Task prompt >>
Images should be omitted while the rest of the data is duplicated exactly.

======== Dataset excerpt

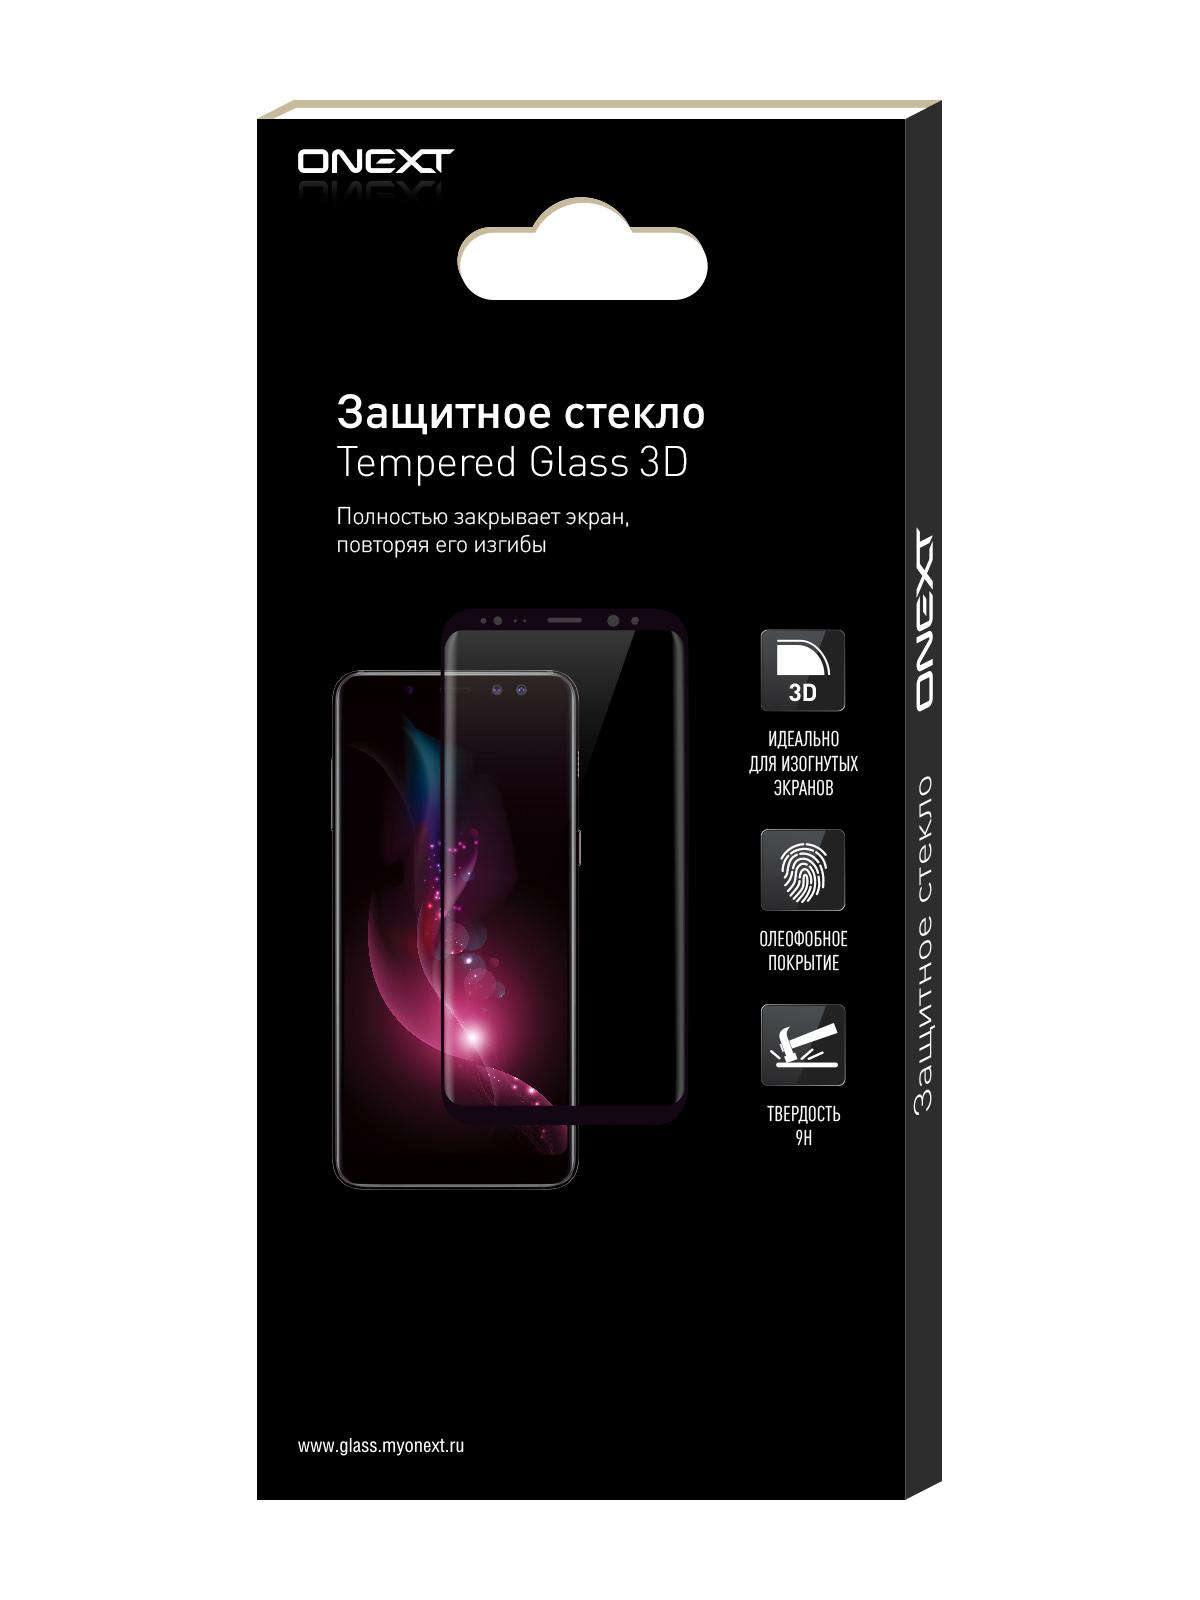 Защитное стекло ONEXT для Nokia 8 Sirocco Black
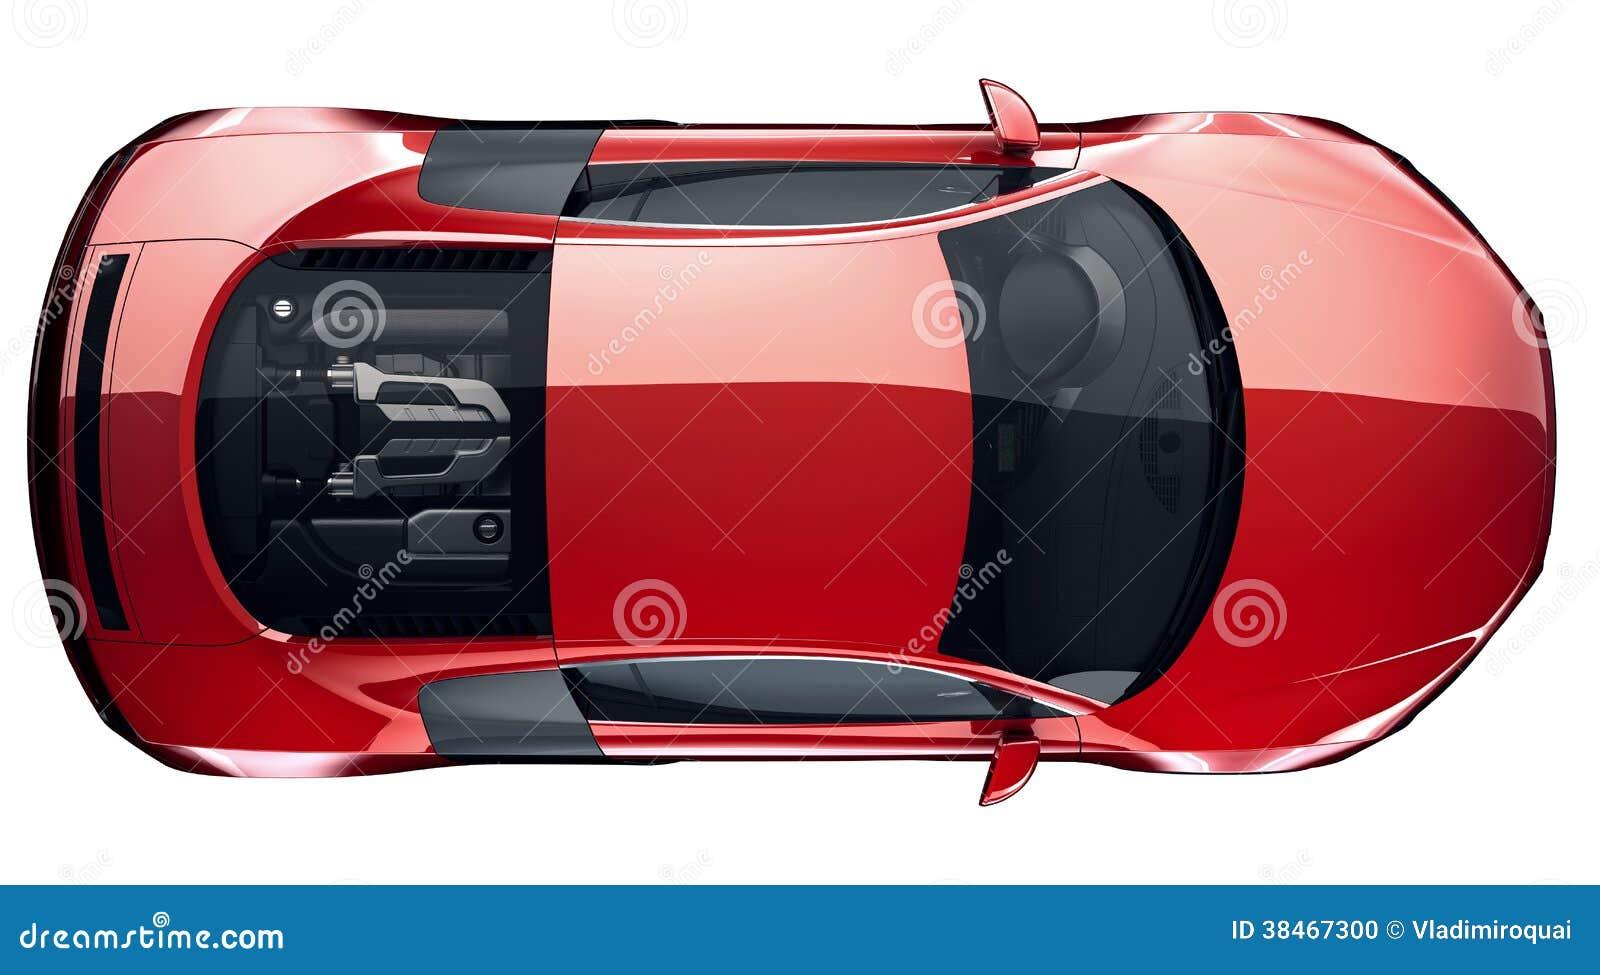 Röd sportbil - bästa sikt
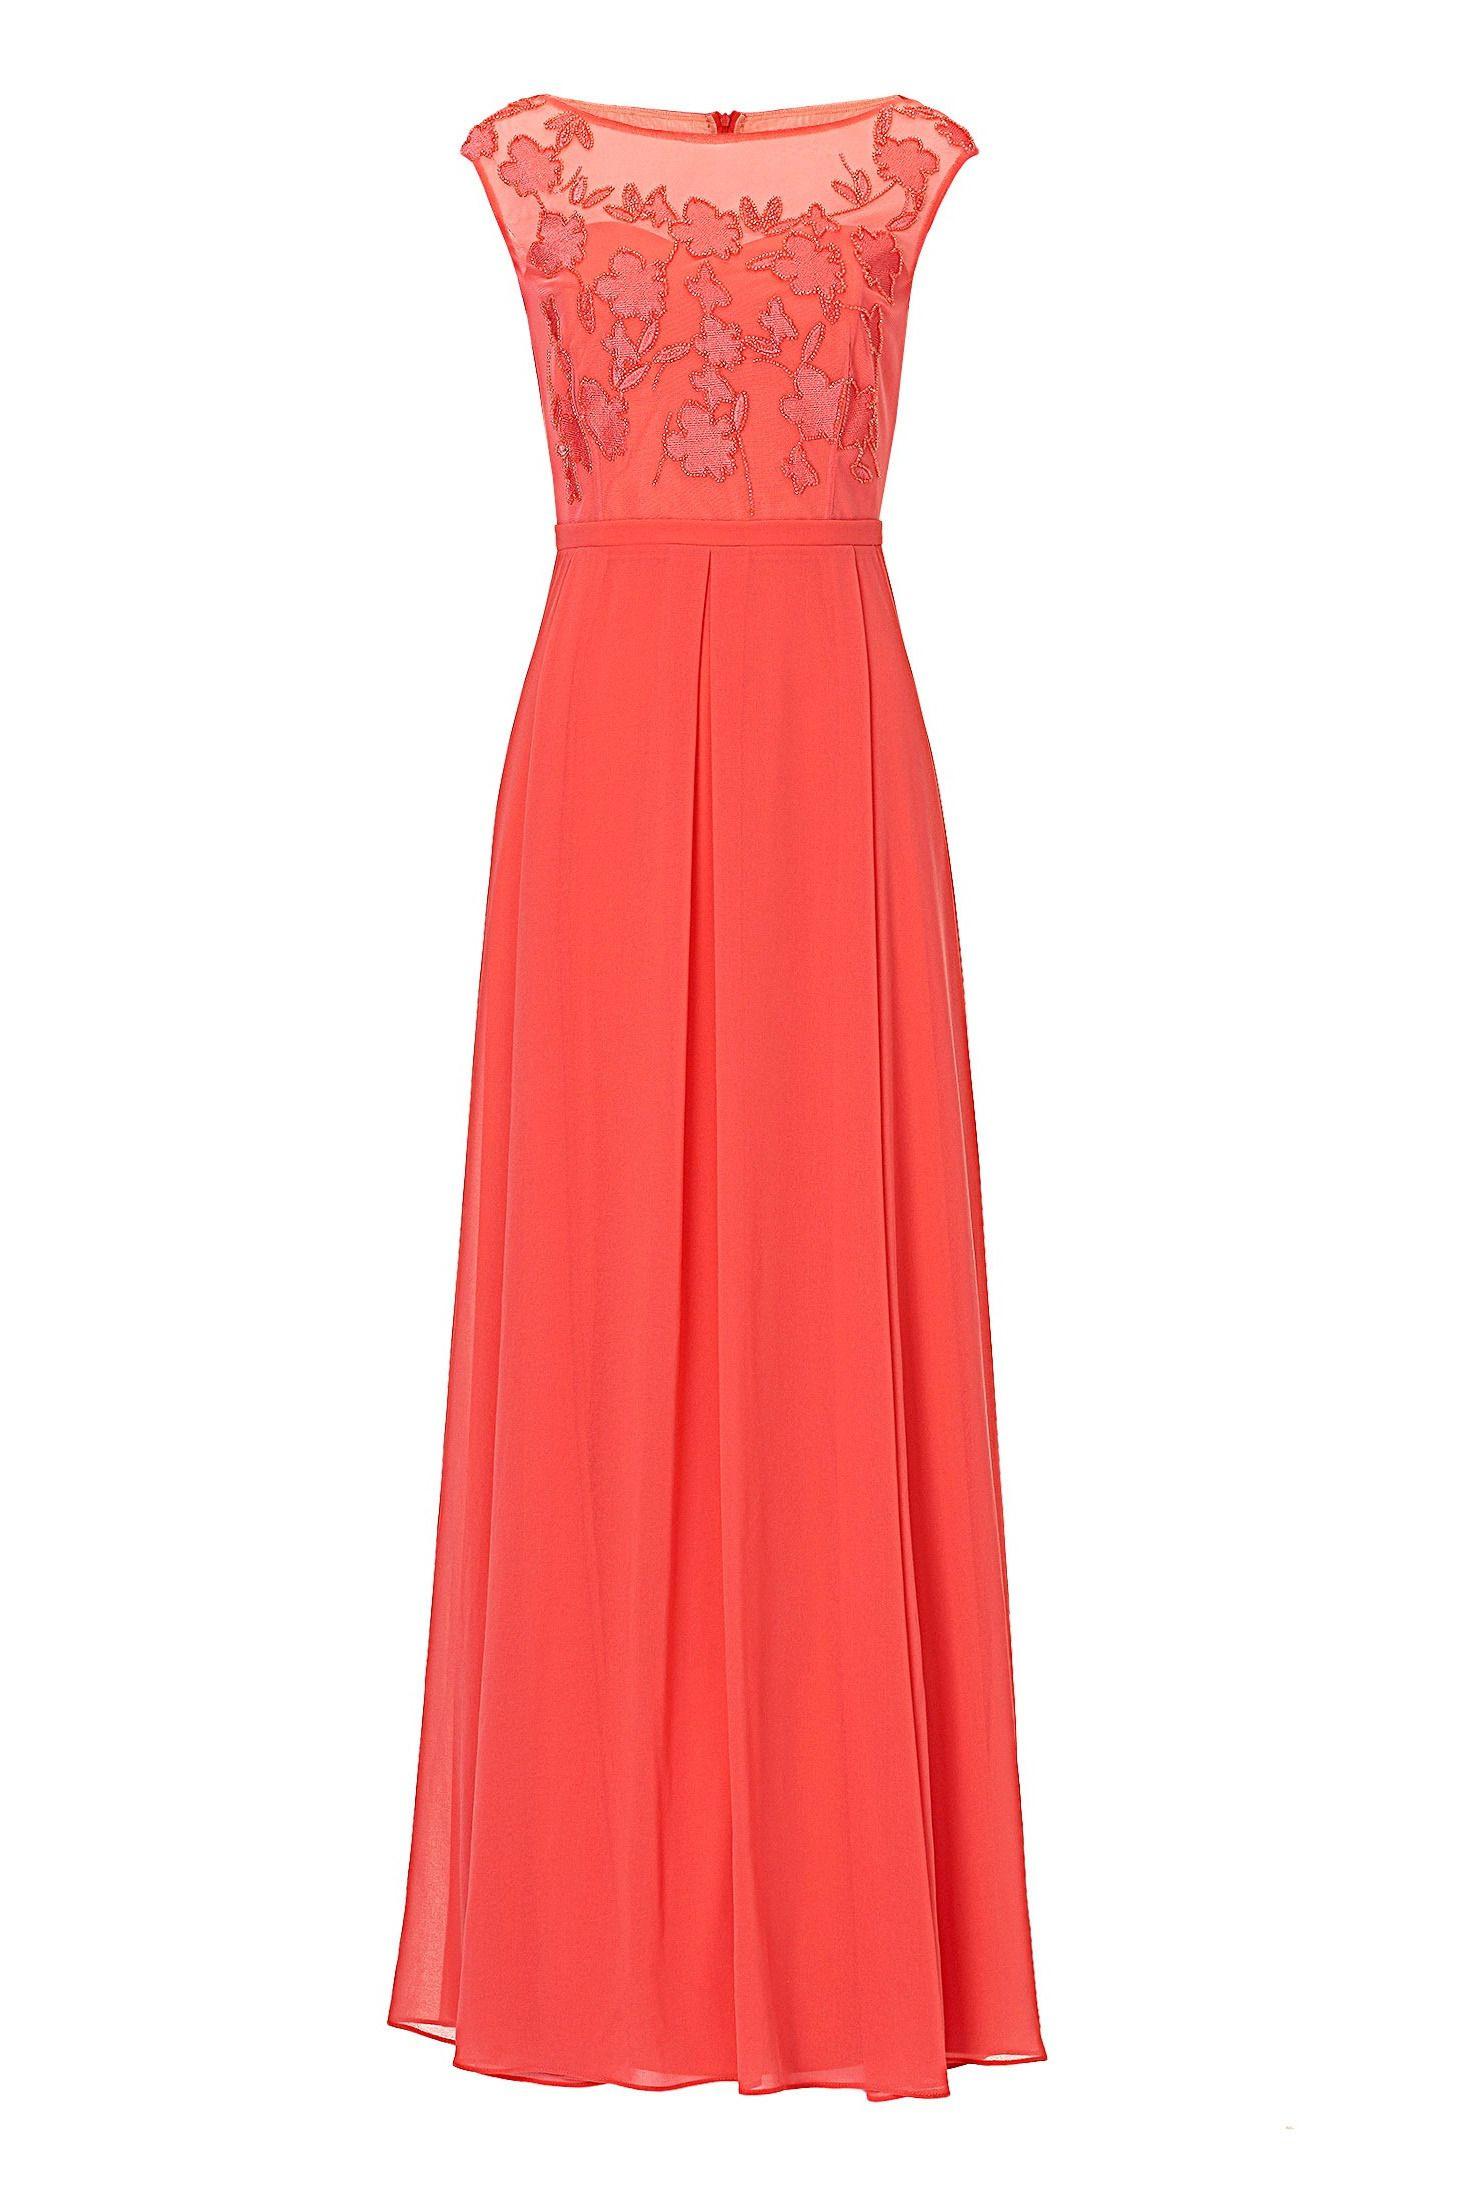 Designer Cool Abendkleid Koralle Galerie13 Erstaunlich Abendkleid Koralle Ärmel

================

Reply >>
 Защитное стекло ONEXT для Nokia 8 Sirocco Black
 Röd sportbil - bästa sikt
 Designer Cool Abendkleid Koralle Galerie13 Erstaunlich Abendkleid Koralle Ärmel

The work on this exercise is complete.